The Papillomavirus Episteme: a central resource for papillomavirus sequence data and analysis.

The goal of the Papillomavirus Episteme (PaVE) is to provide an integrated resource for the analysis of papillomavirus (PV) genome sequences and related information. The PaVE is a freely accessible, web-based tool (http://pave.niaid.nih.gov) created around a relational database, which enables storage, analysis and exchange of sequence information. From a design perspective, the PaVE adopts an Open Source software approach and stresses the integration and reuse of existing tools. Reference PV genome sequences have been extracted from publicly available databases and reannotated using a custom-created tool. To date, the PaVE contains 241 annotated PV genomes, 2245 genes and regions, 2004 protein sequences and 47 protein structures, which users can explore, analyze or download. The PaVE provides scientists with the data and tools needed to accelerate scientific progress for the study and treatment of diseases caused by PVs.

INTRODUCTION

The Papillomaviridae (papillomaviruses; PVs) are a diverse family of small, double-stranded, circular viruses that infect many (if not all) amniotes. Despite a relatively small genomic size (∼7000–8000 bp) and very similar genomic organization, PVs exhibit a highly complex and diverse biology. Individual PVs have traditionally been designated ‘viral types’. The full-length genome of these PV types has to be cloned, and its L1 nucleotide sequence cannot share >10% sequence similarity to any other (known) PV type (1,2). Each virus type is species-specific and trophic for a specific anatomical region of the cutaneous or mucosal epithelium. Infections caused by many PVs are sub-clinical (3) while other PV infections manifest as benign tumors known as warts or papillomas. This results in a spectrum of disease ranging from a variety of prolific benign lesions such as common warts, anogenital warts and laryngeal papillomatosis to malignant carcinomas. Importantly, in humans, persistent infection with specific subsets of high-oncogenic risk PVs is responsible for virtually all cervical cancer and for a subset of head and neck cancers (4).

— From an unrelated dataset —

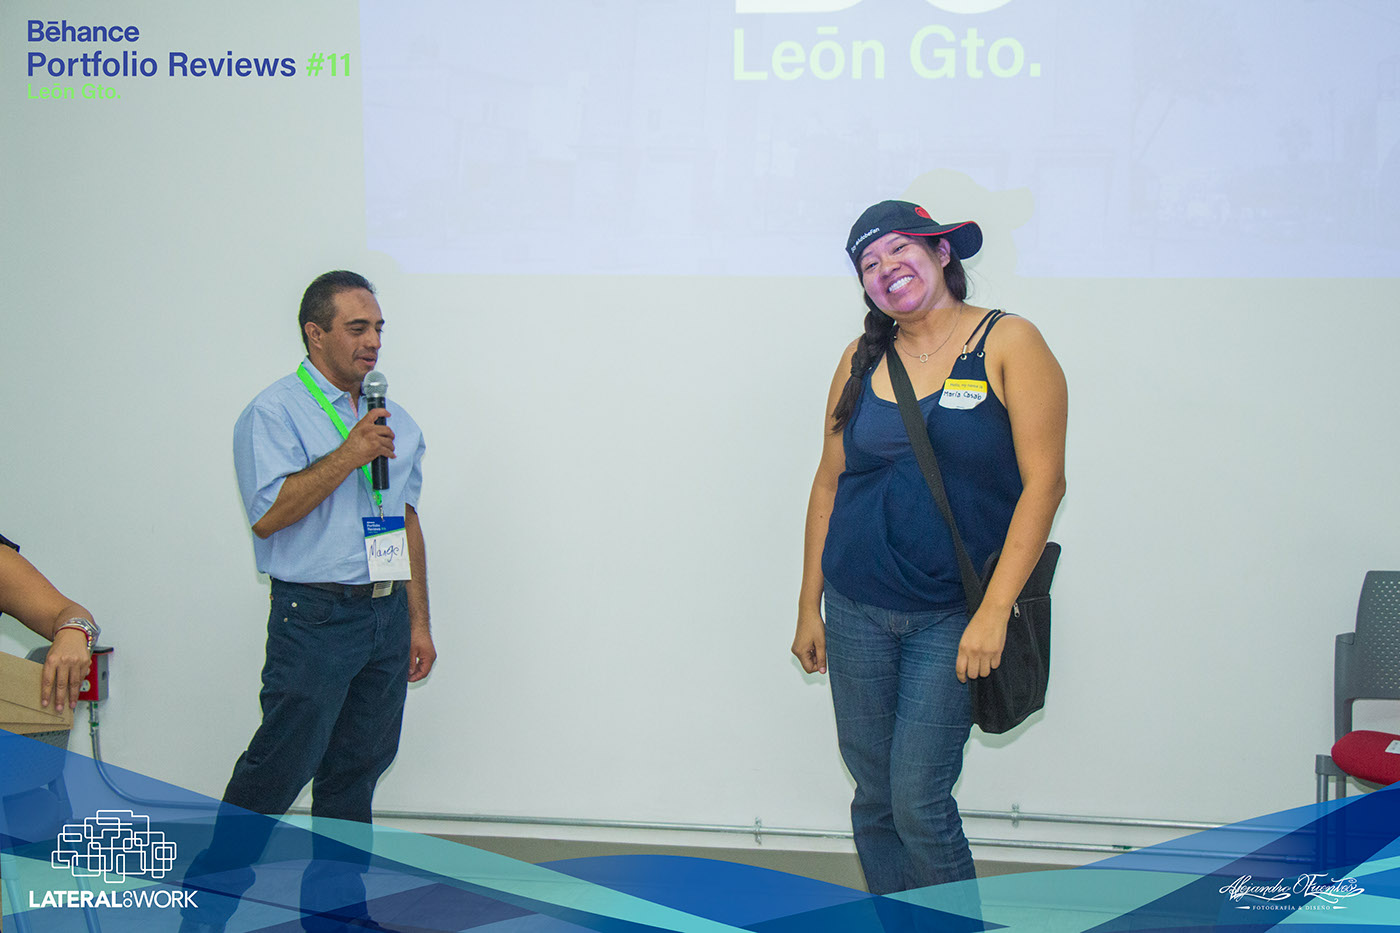 León Gto\ Behance portfolio reviews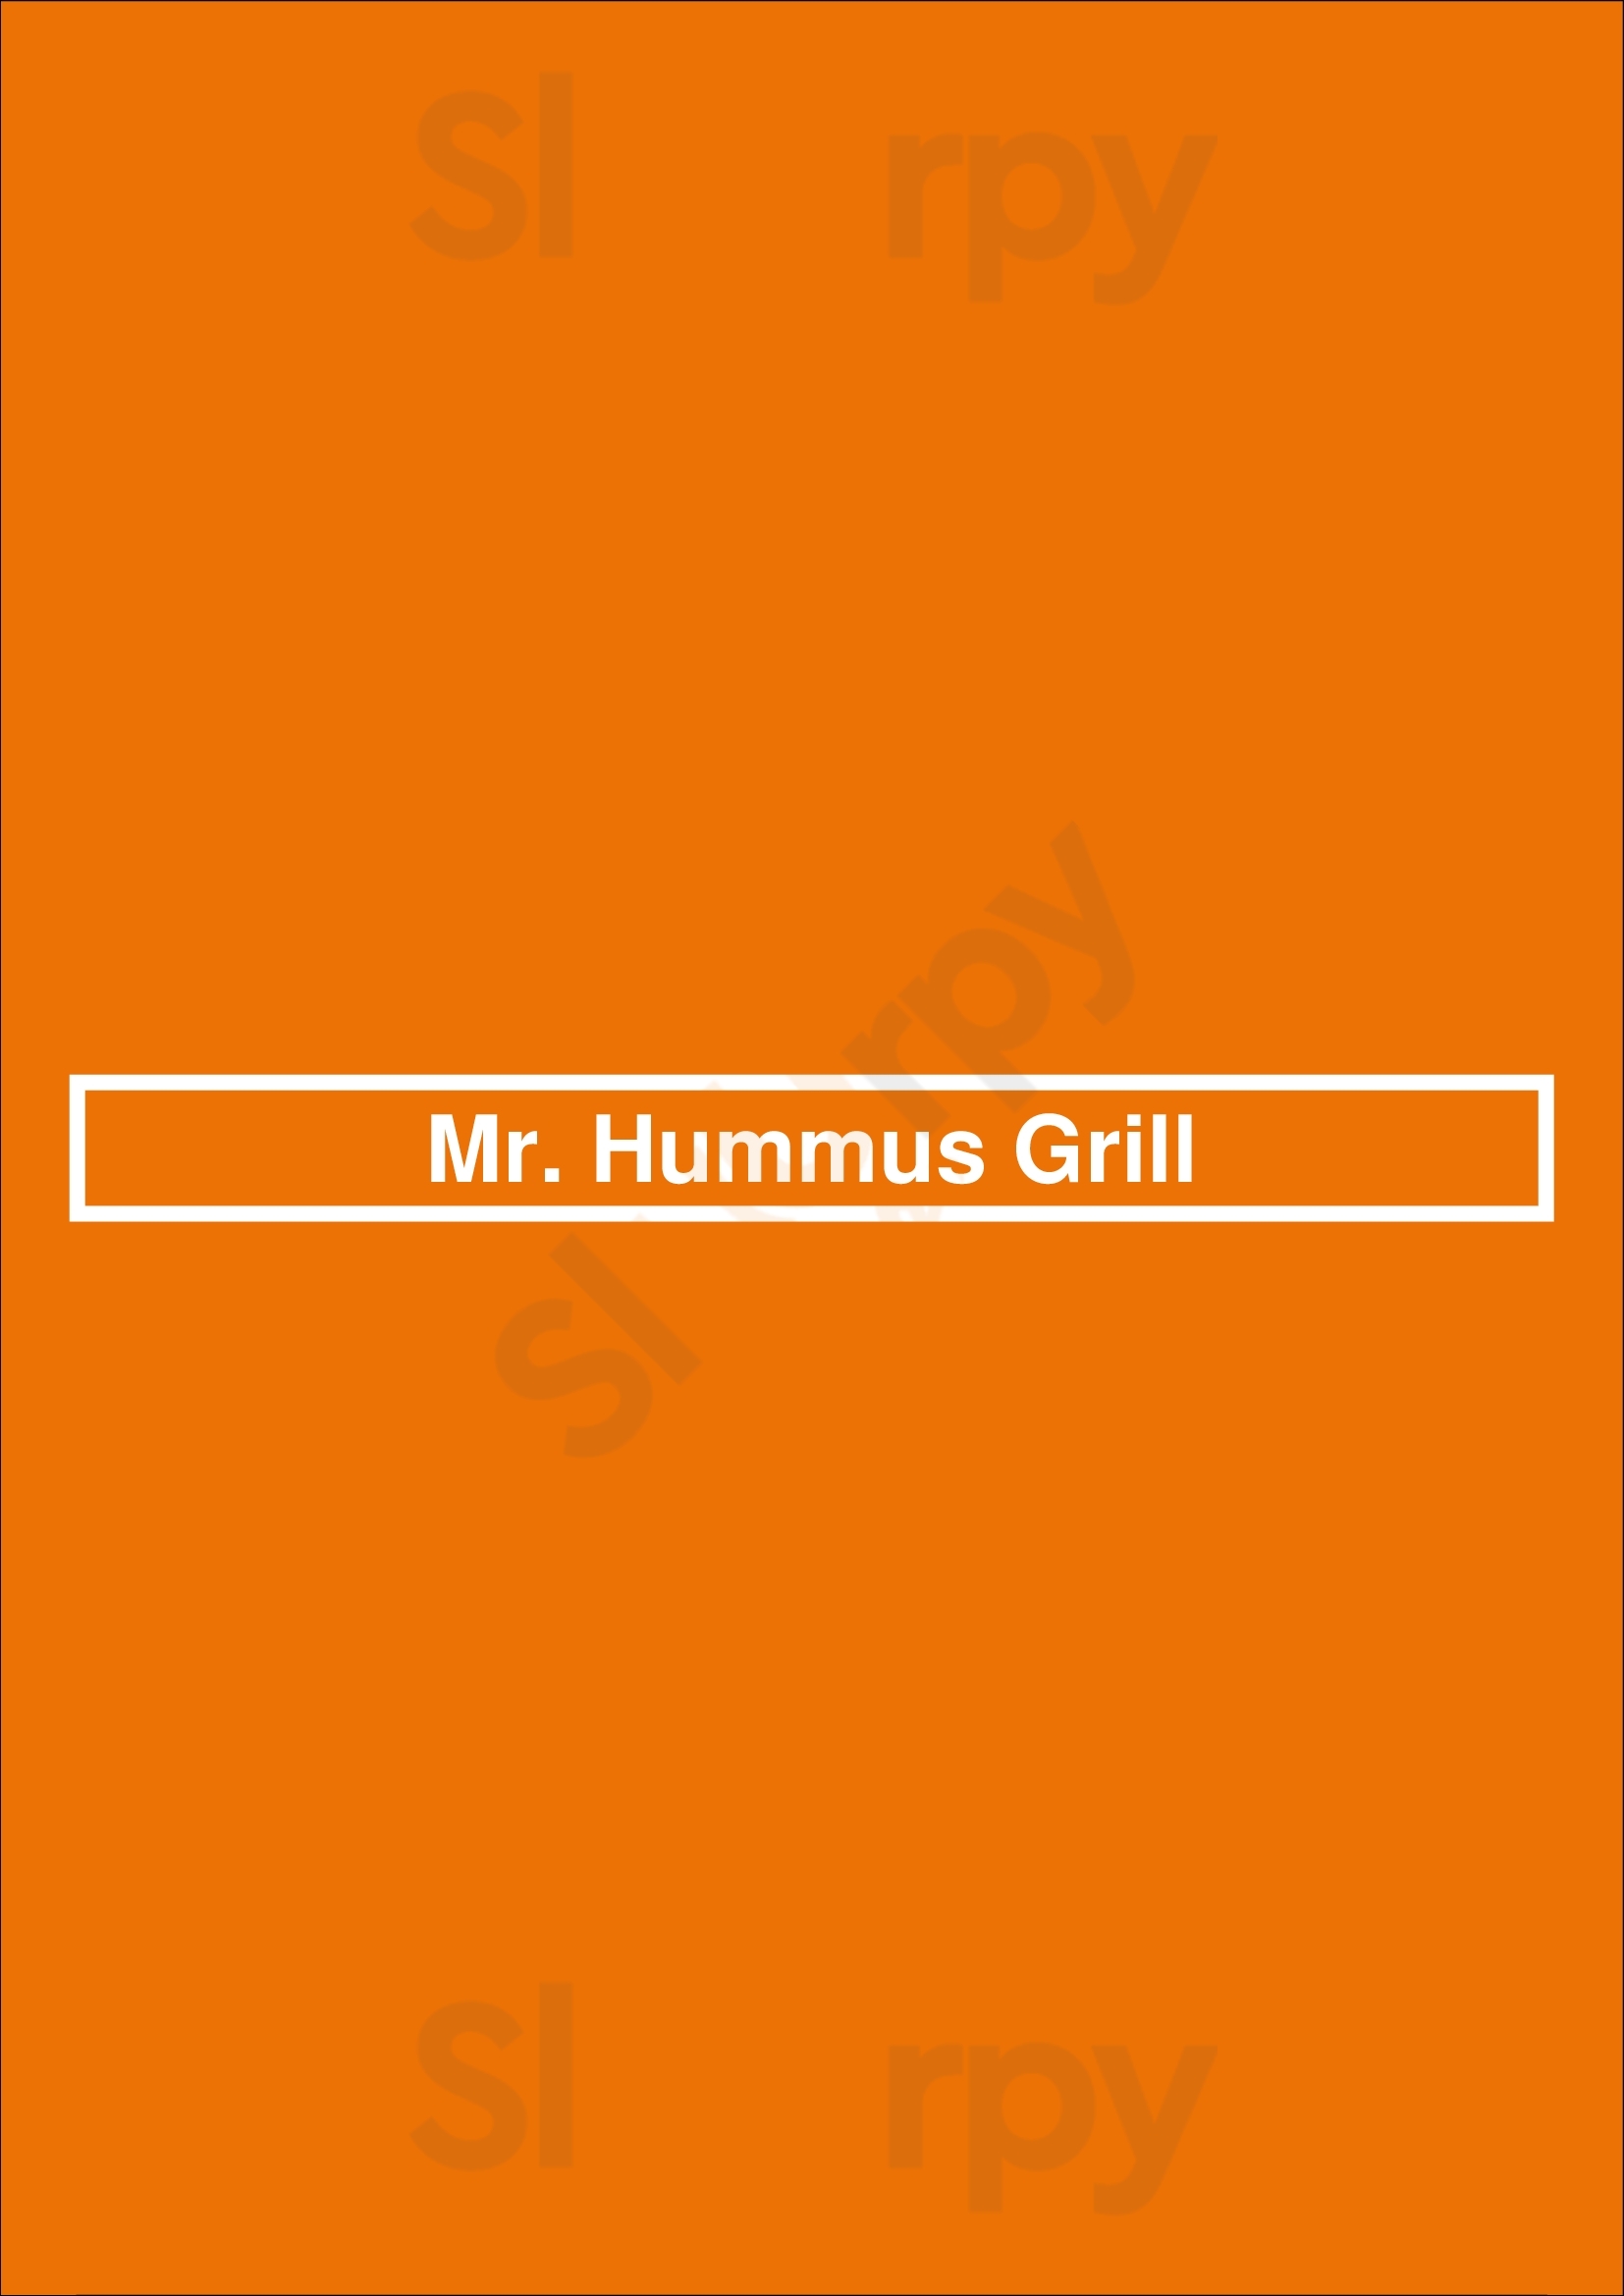 Mr. Hummus Grill Columbus Menu - 1

Most PVs encode about eight proteins. Only four proteins are highly conserved and are encoded by all PVs; the E1 and E2 regulatory proteins modulate viral transcription and replication and the L1 and L2 structural proteins compose the viral capsid (for a review, see (5)). In addition, three small and less well-conserved proteins, E5, E6 and E7, play important roles in cell growth regulation and immune evasion. In the cancer-associated PVs, the E6 and E7 proteins function as oncogenes (6). The gene for the E4 protein overlaps the E2 open reading frame (ORF) and encodes a divergent and very abundant late protein. Cis-responsive elements required for transcription and replication are located in a region designated as the upstream regulatory region (URR) or long control region (Figure 1).

Figure 1.

Papillomavirus Genomic Organization. The double-stranded, circular genomes of PVs are ∼7–8 kb in length. All PVs encode the E1 and E2 replication proteins and the L1 and L2 capsid proteins. In addition to these core proteins, most viruses encode auxiliary proteins E5, E6 and E7, which manipulate host cell proliferation and cell cycle checkpoints. The URR is located between the L1 and E6 ORFs. This region contains viral promoters, enhancers and the replication origin.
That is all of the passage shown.